Get an m-Audio USB 7.1 sound card (Creative USB Audigy is not Mac compatible)


----------



## khorlick (Oct 23, 2005)

There is no way to hook them up to the existing hardware in the iMac?

Cheers,

Keith


----------



## RicktheChemist (Jul 18, 2001)

.


----------



## khorlick (Oct 23, 2005)

Thanks so much.

Keith


----------



## tintin (Sep 19, 2005)

Wait a second - I'm assuming you want to connect these to the 'headphone' jack or whatever is on your iMac (2 channel stereo output) - correct?

Set the selection switch on the subwoofer to '2' and plug the green cable into the jack on your iMac. Done. Now, I honestly don't know if this just leaves the center channel and rear speakers dead, but it's what Logitech documents on their website:

Any audio device with stereo output
The connectivity options for your z5300's are endless.

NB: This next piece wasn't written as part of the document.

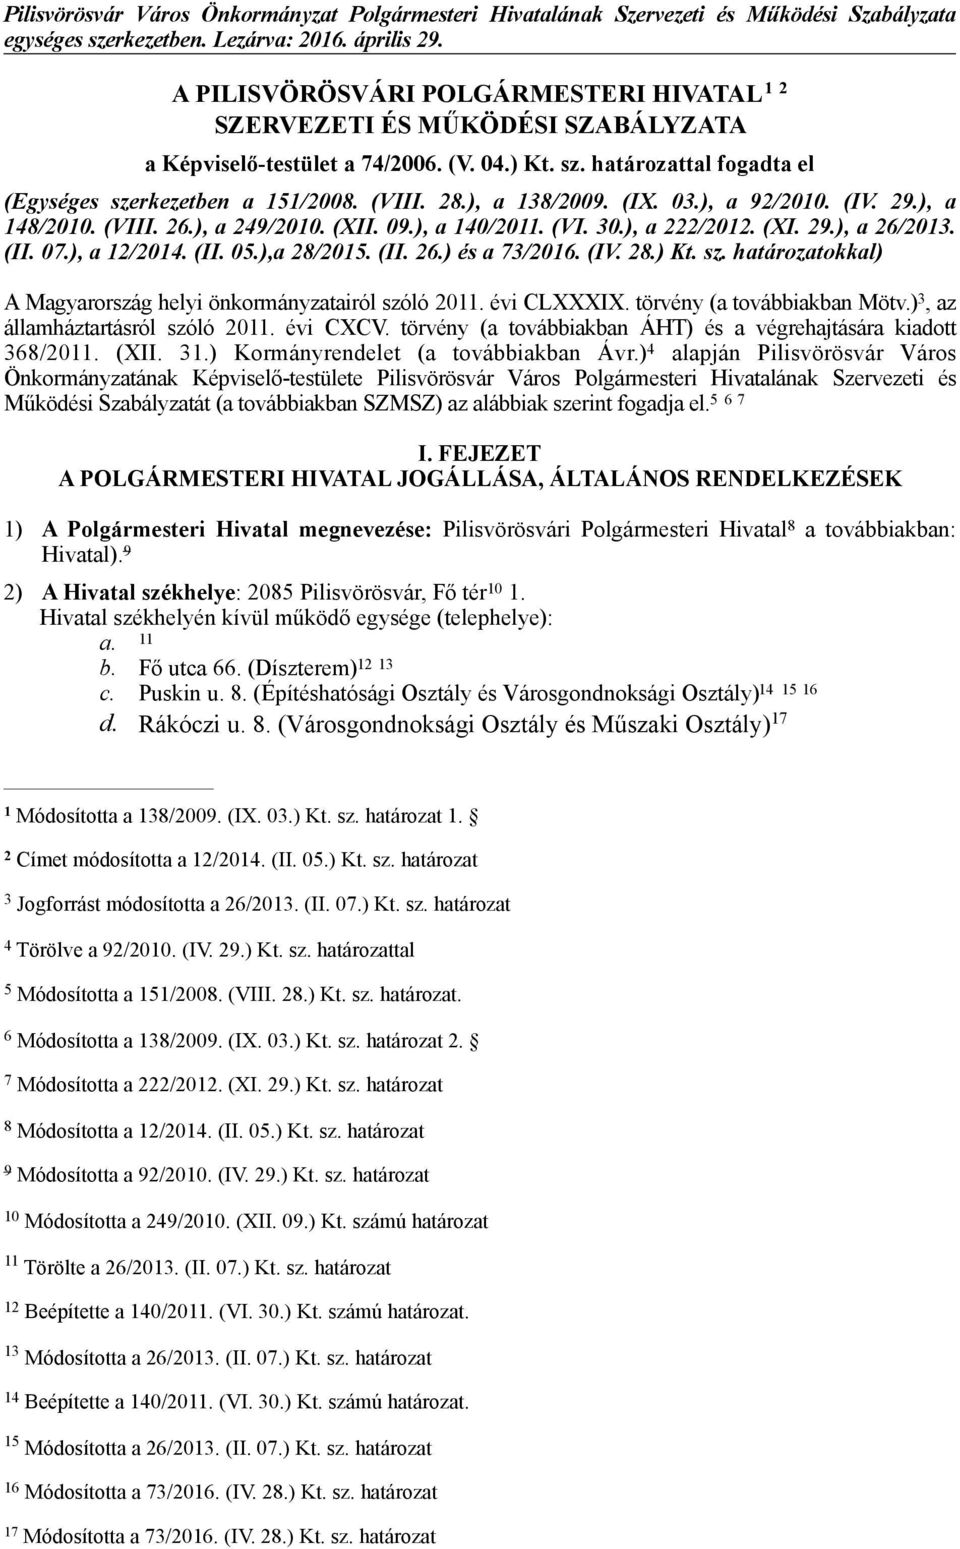 (II. 26.) és a 73/2016. (IV. 28.) Kt. sz. határozatokkal) A Magyarország helyi önkormányzatairól szóló 2011. évi CLXXXIX. törvény (a továbbiakban Mötv.) 3, az államháztartásról szóló 2011. évi CXCV.

You only need the appropriate adapter to connect your z5300 to almost any audio device. Simply set the z5300's speaker selector switch on the back of the subwoofer to 2. You'll then need to find the appropriate adapter at your local electronics store. The z5300 comes equipped with standard 1/8th inch male input cables. So you may need to buy a series of adapters to attach devices such as TV's, DVD players, or other AV equipment. As long as one side of the adapter is a 1/8th inch female connector, your z5300's should work with it. When connecting the z5300 to such equipment, you´ll only need to connect the front channel (green cable) for audio input. The speaker selector switch will automatically split the audio signal to all the speakers when set on 2 channel mode. 
Note: Most portable audio devices come equipped with a standard 1/8th inch audio output. You simply need to plug in your z5300's front channel audio cable to the device and set the speaker selector switch to 2 to enjoy the speakers.

All that being said, I have these speakers at home connected in 5.1 config to my Audigy soundcard in my PC. I have another 5.1 set (Creative) at work and run a couple of 1/8 splitters to connect all the speakers to my stereo jack on my laptop. Maybe the z5300's 2.1 configuration switch on the subwoofer pushes the left channel to both front and rear left - I'd hope so.

Did you at least try the recommended setup specified by Logitech?


----------